As you probably know, the quote is repeated quite often on the internet, including the usual suspects like Brainy QuoteThinkExist, and AZQuotes and literally countless others.  (By the end of twelve pages of search results, it was still being repeated almost verbatim.)  Almost every time the  quote is used, it’s attributed to Oscar Wilde, but never to a particular work.  That’s not all that uncommon on the internet.

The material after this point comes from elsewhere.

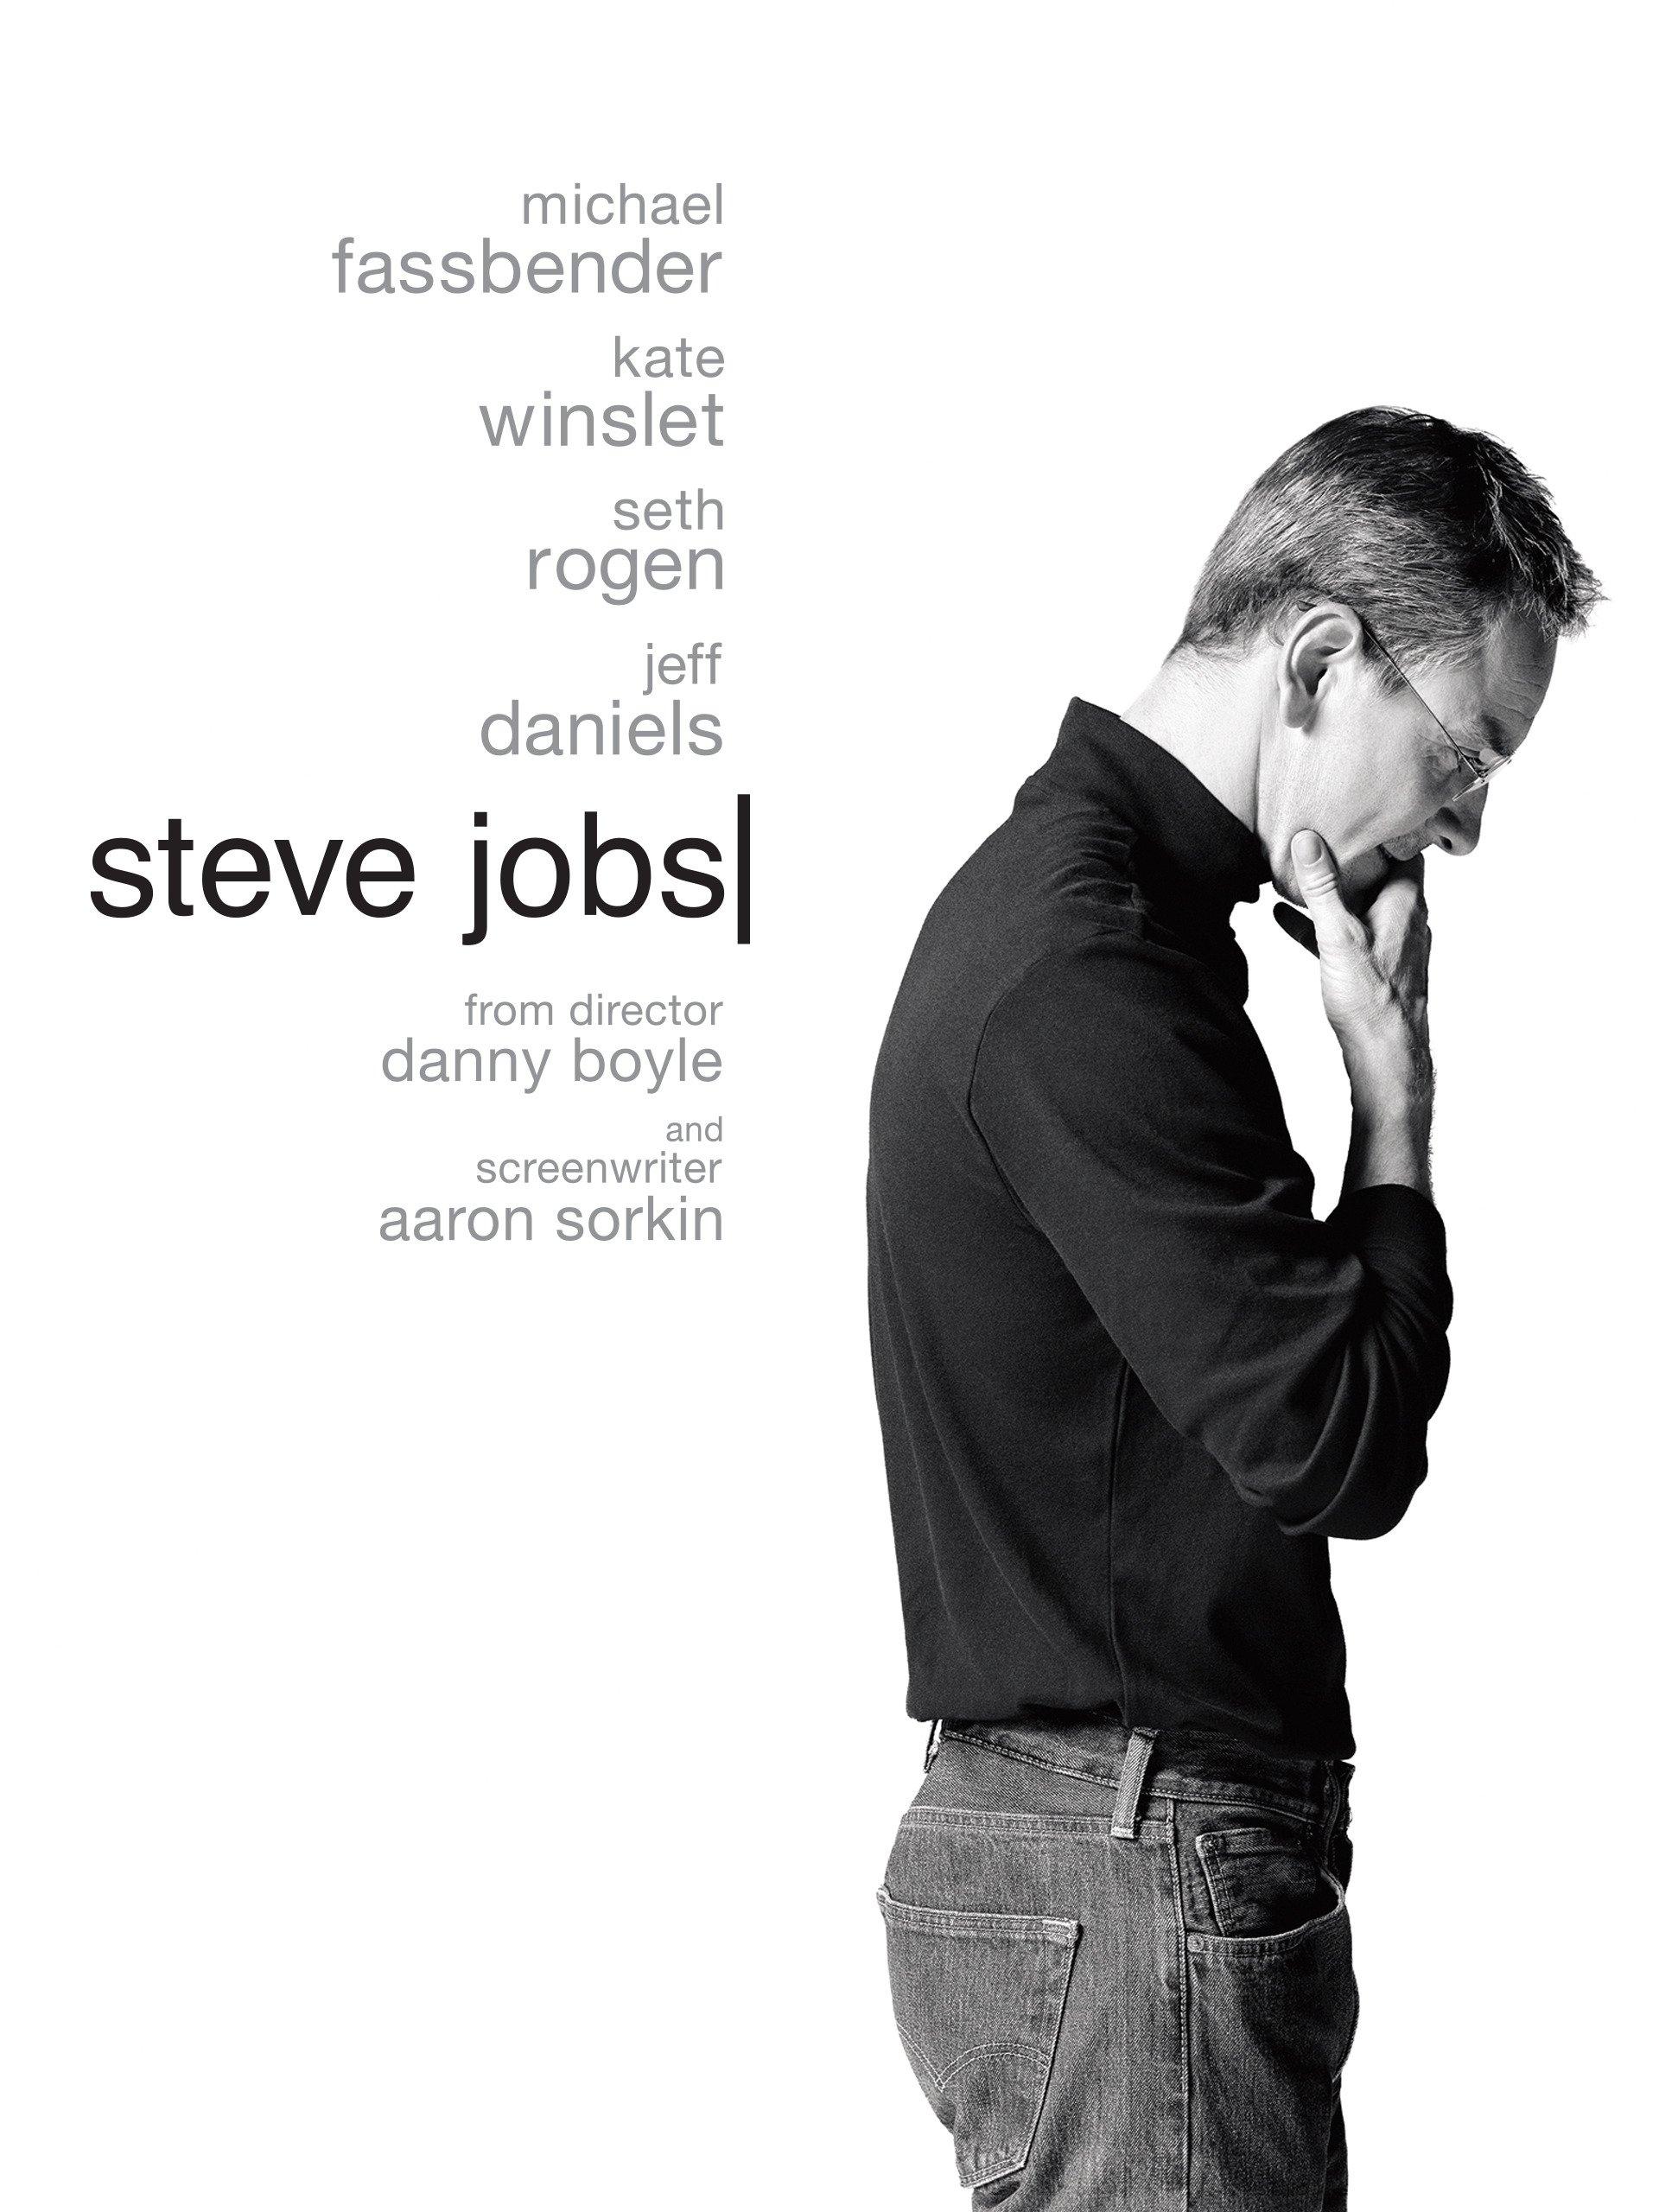 Amazon.com: Steve Jobs: Michael Fassbender, Kate Winslet, Seth Rogen ...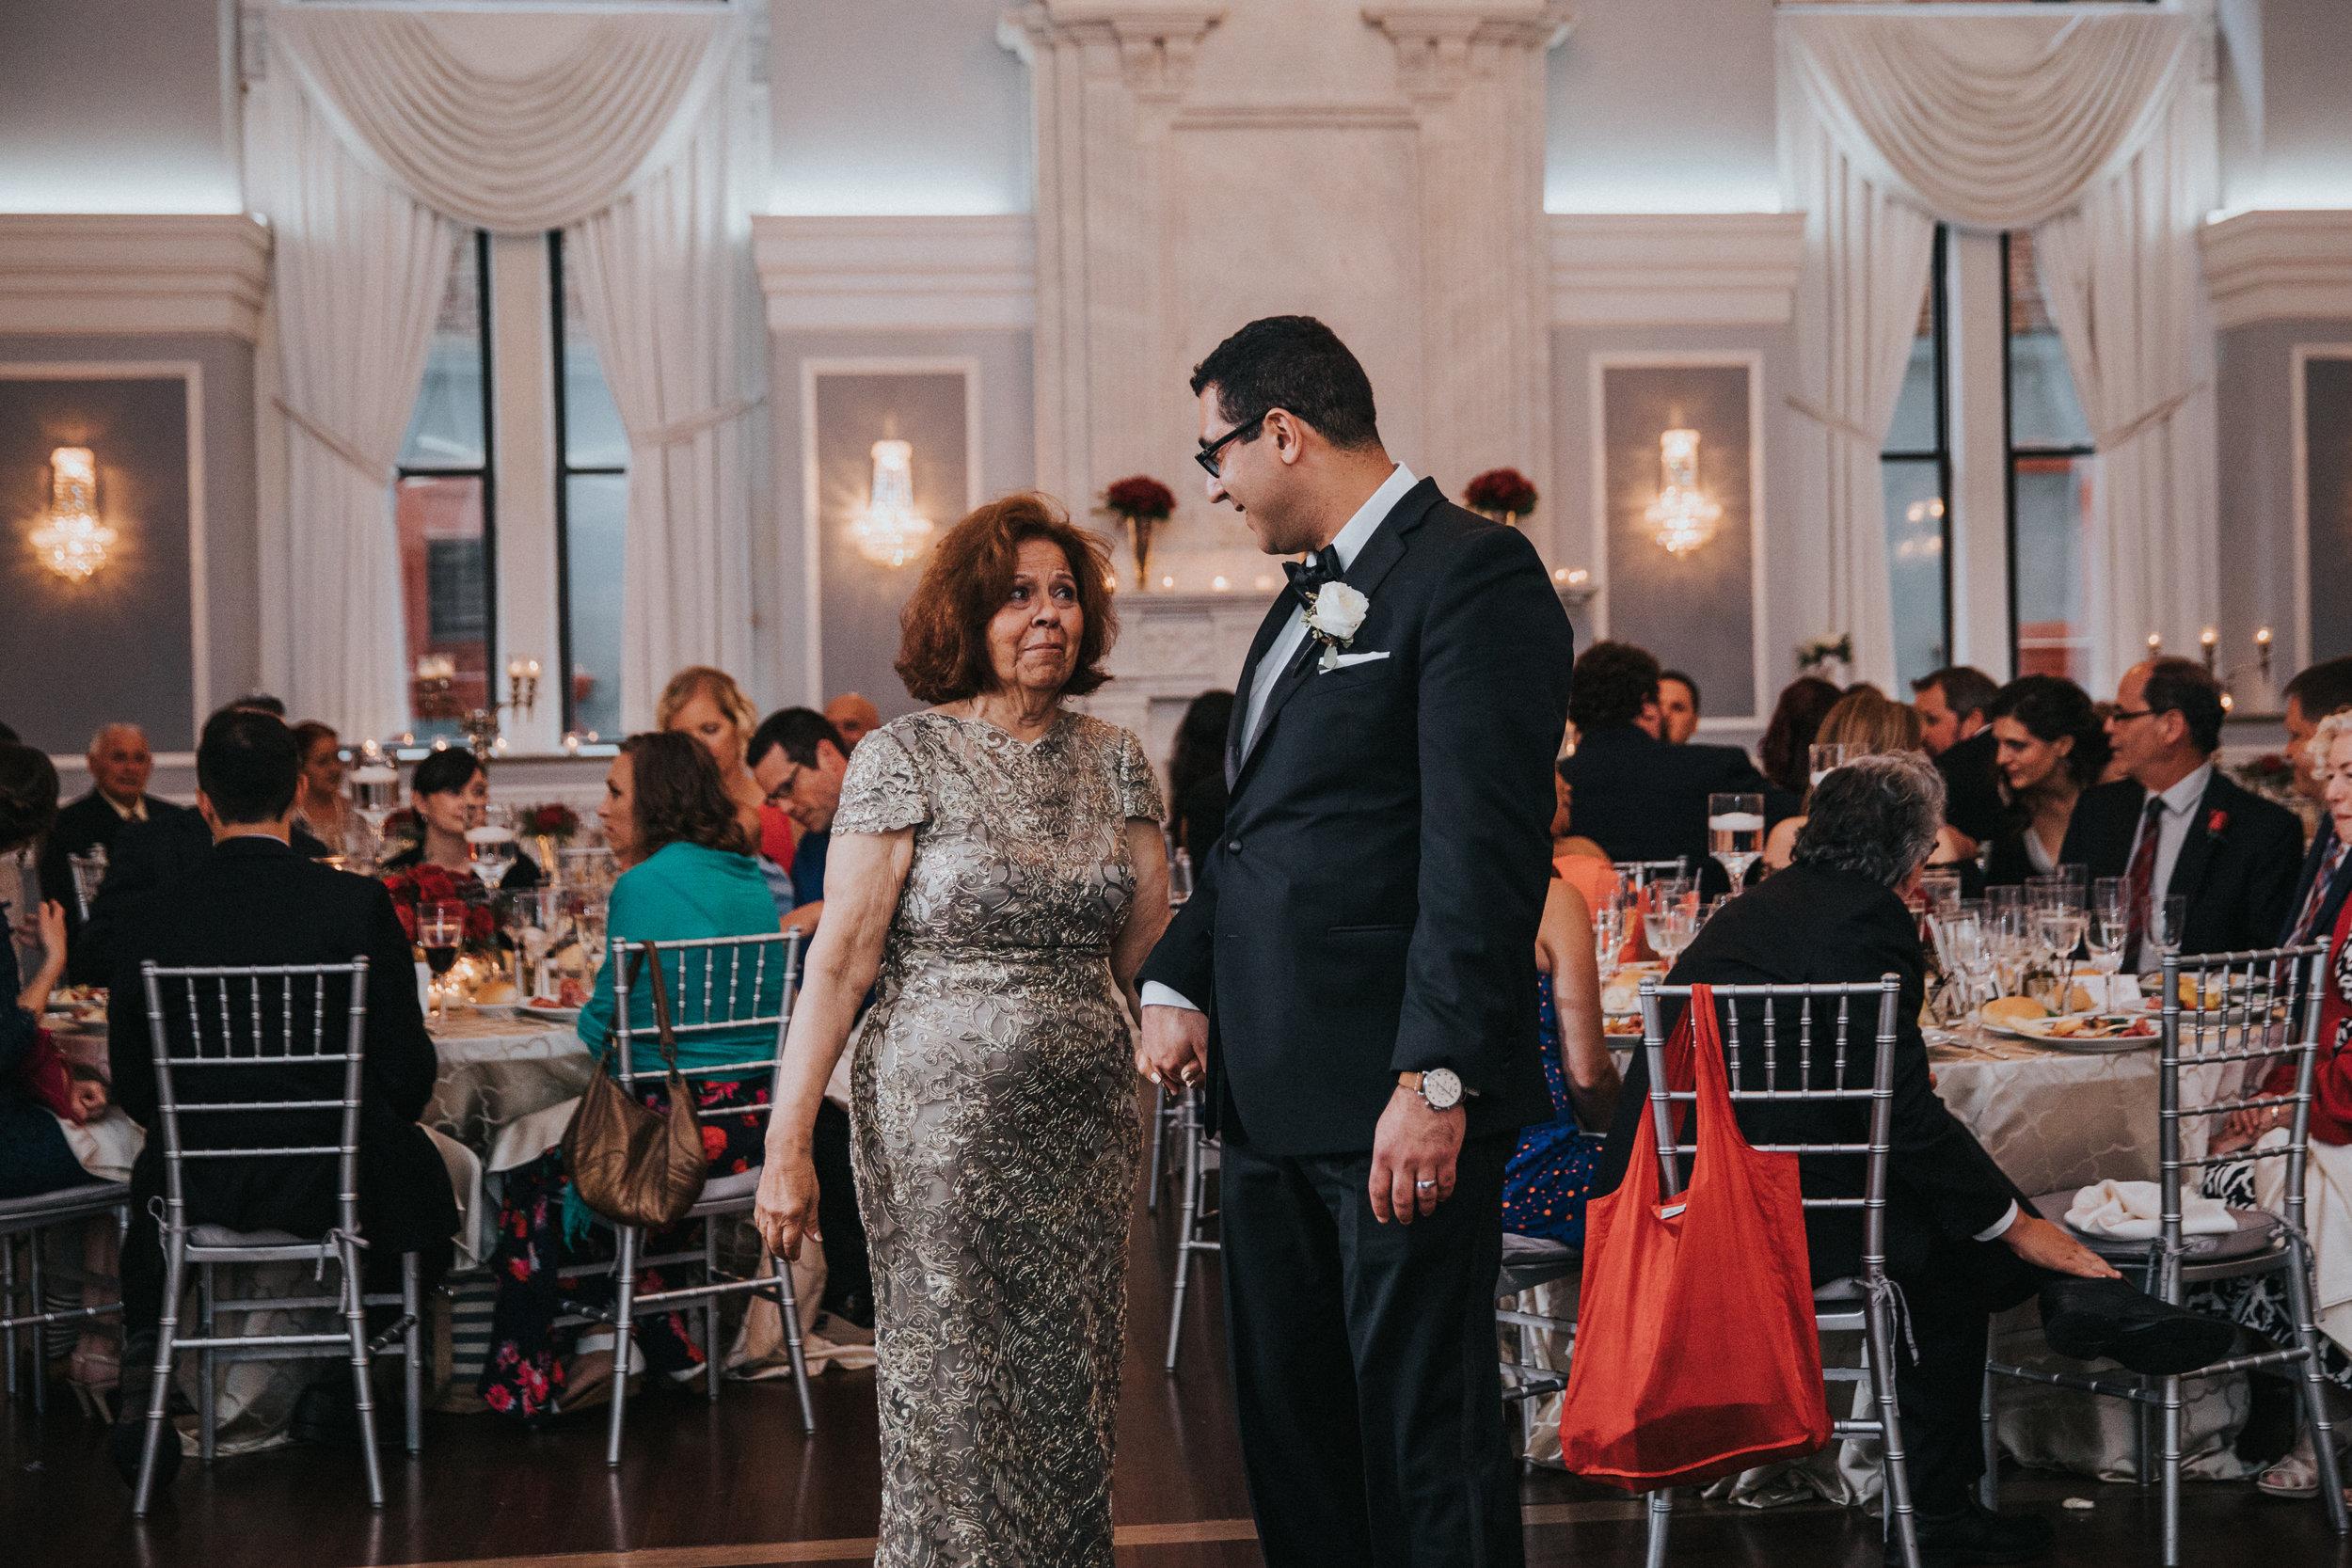 JennaLynnPhotography-NJWeddingPhotographer-Philadelphia-Wedding-ArtsBallroom-Reception-50.jpg

I went next to Google Books, often a handy way to quickly and credibly source a quote from a prominent, English-speaking personality.  I quickly found, however, that the same quote was repeated in print with the same generic attribution. It appeared that way in dictionaries (e.g., Blackie), self-help books (e.g., Pappas 2014 or Seka 2014), and even popular books dedicated to Wilde’s words (e.g., Farnham 2014 or Student’s Academy 2014).  Those are only a few examples.  Importantly, however, none of these were books written by Wilde or books written by Wilde scholars.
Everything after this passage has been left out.